Included in the financial tables accompanying this press release is information about the Company’s assets and liabilities, net income and reconciliations of net income to FFO and AFFO, all on a comparable basis to 2012 periods.

“MPT’s investment strategy has always focused on acquiring quality hospital real estate that achieves the industry’s most attractive returns,” said Edward K. Aldag, Jr., Chairman, President and CEO of Medical Properties Trust. “The Company has now completed more than $3.3 billion in acquisitions, and more than $407 million year-to-date, subject to completion of the $283.3 million transaction announced this morning.
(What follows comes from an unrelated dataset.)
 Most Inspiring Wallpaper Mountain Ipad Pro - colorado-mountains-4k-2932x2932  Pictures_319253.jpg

This amount exceeds our acquisition target for the full-year, and with five months remaining, we expect to complete additional acquisitions. These strategic investments, which generate high yields, are each highly accretive and with built-in inflation escalations, support future FFO per share growth and dividend coverage, create additional diversification in our portfolio and continue to enhance shareholder value.”
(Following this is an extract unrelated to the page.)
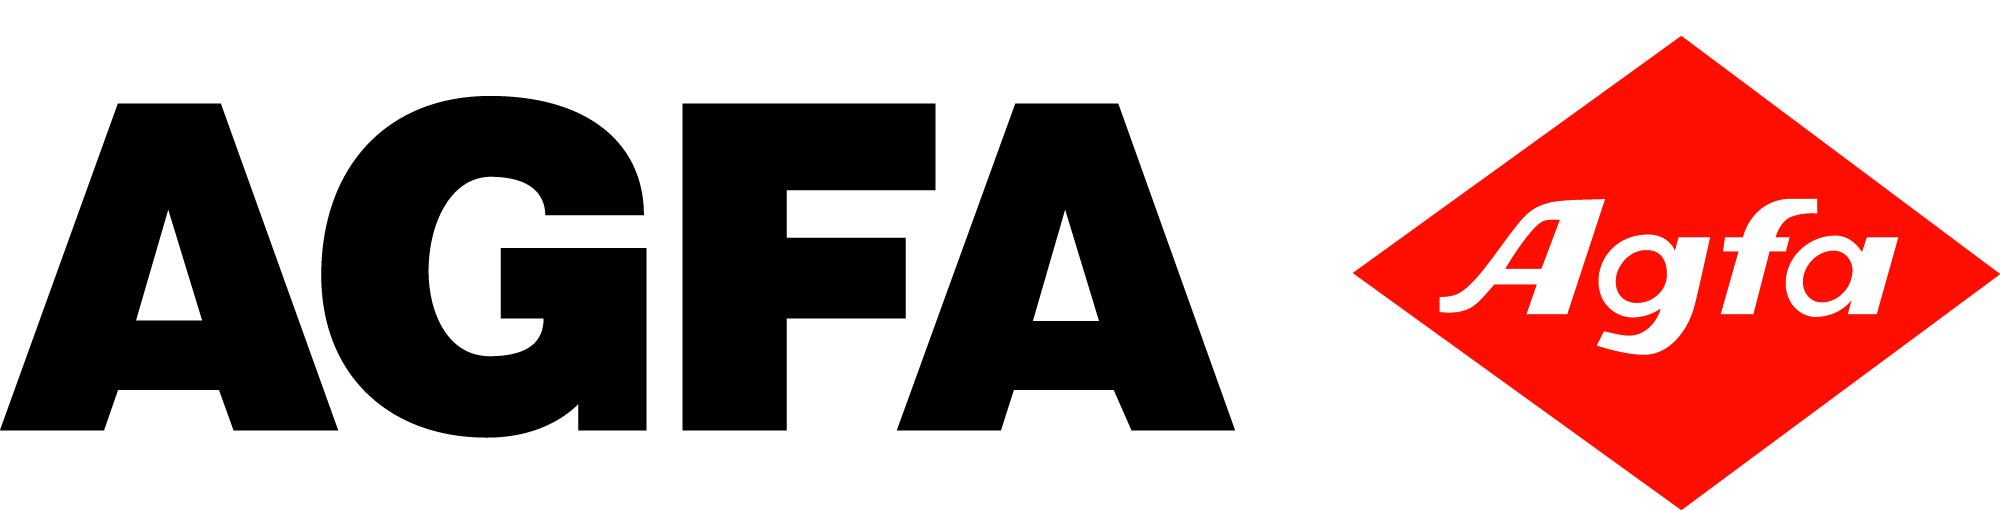 Agfa_logo_color

MPT recently executed a binding, confidential agreement to acquire the real estate assets of three general acute care hospitals for $283.3 million. The seller / lessee is a well-known operator of multiple acute care facilities, and the transaction is subject to customary conditions and is expected to close during the third quarter of 2013.
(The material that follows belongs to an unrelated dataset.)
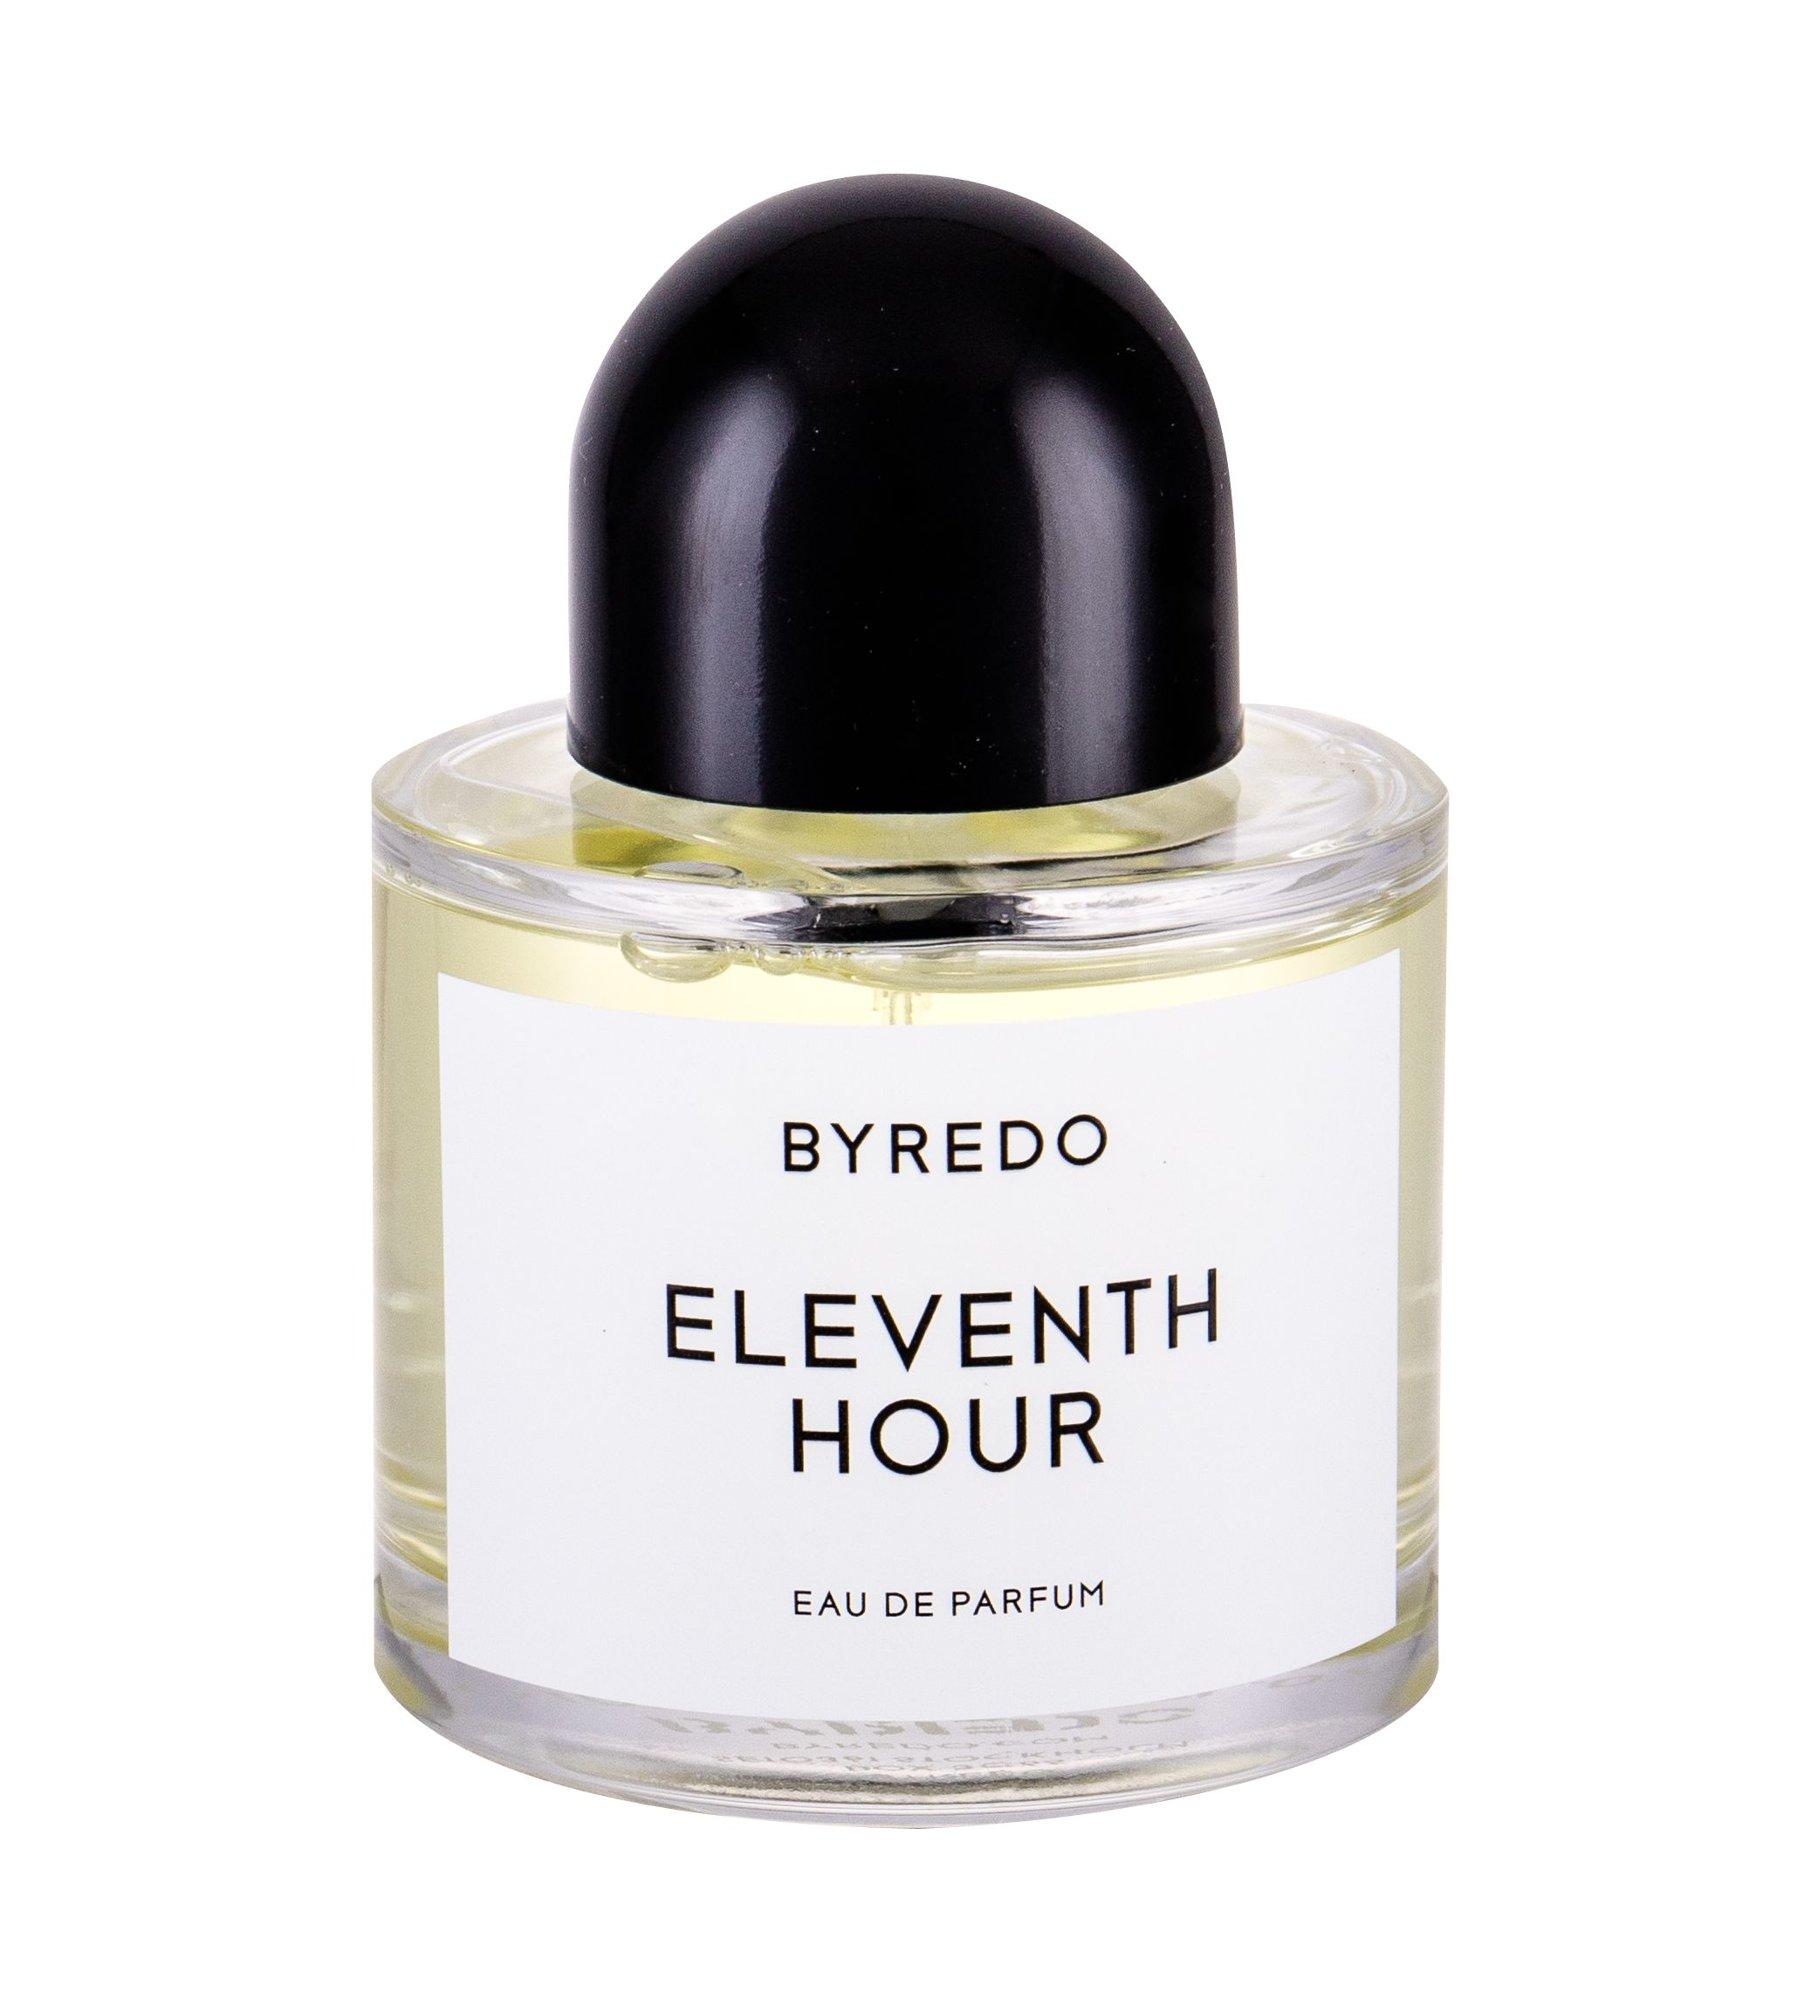 BYREDO Eleventh Hour, edp 50ml

MPT has completed several other strategic acquisitions since the beginning of 2013:

•The June acquisition and leaseback to affiliates of Prime Healthcare Services, Inc. of the real estate assets of two general acute care hospitals in the Kansas City area for an aggregate purchase price of $75.0 million;
•The March and May commencement of development for and leases to affiliates of Ernest Health, Inc. of two inpatient rehabilitation hospitals in Post Falls, Idaho and South Ogden, Utah for an aggregate development and construction cost of approximately $33.5 million; and
•The July acquisition and lease to affiliates of Ernest Health, Inc. of the real estate assets of the Corpus Christi, Texas Esplanade Rehab Hospital totaling approximately $15.8 million.
“As the changes and consolidation in the U.S. and international healthcare systems – and particularly in the hospital business – have led many leading operators to evaluate their optimal capital allocation options, we have been provided with a variety of opportunities, and are experiencing our strongest acquisition pipeline to date. This is truly a transformational period in hospital capital allocation, and we look forward to taking advantage of these opportunities as best in class U.S. and international hospital operators continue to reinvest in operations and growth opportunities through monetizing real estate,” said Aldag.

OPERATING RESULTS

Second quarter 2013 total revenues increased 17.5% to $57.5 million compared with $48.9 million for the second quarter of 2012. Normalized FFO for the quarter increased 21% to $35.9 million compared with $29.7 million in the second quarter of 2012. Per share Normalized FFO increased 9% to $0.24 per diluted share in the 2013 second quarter, compared with $0.22 per diluted share in the second quarter of 2012.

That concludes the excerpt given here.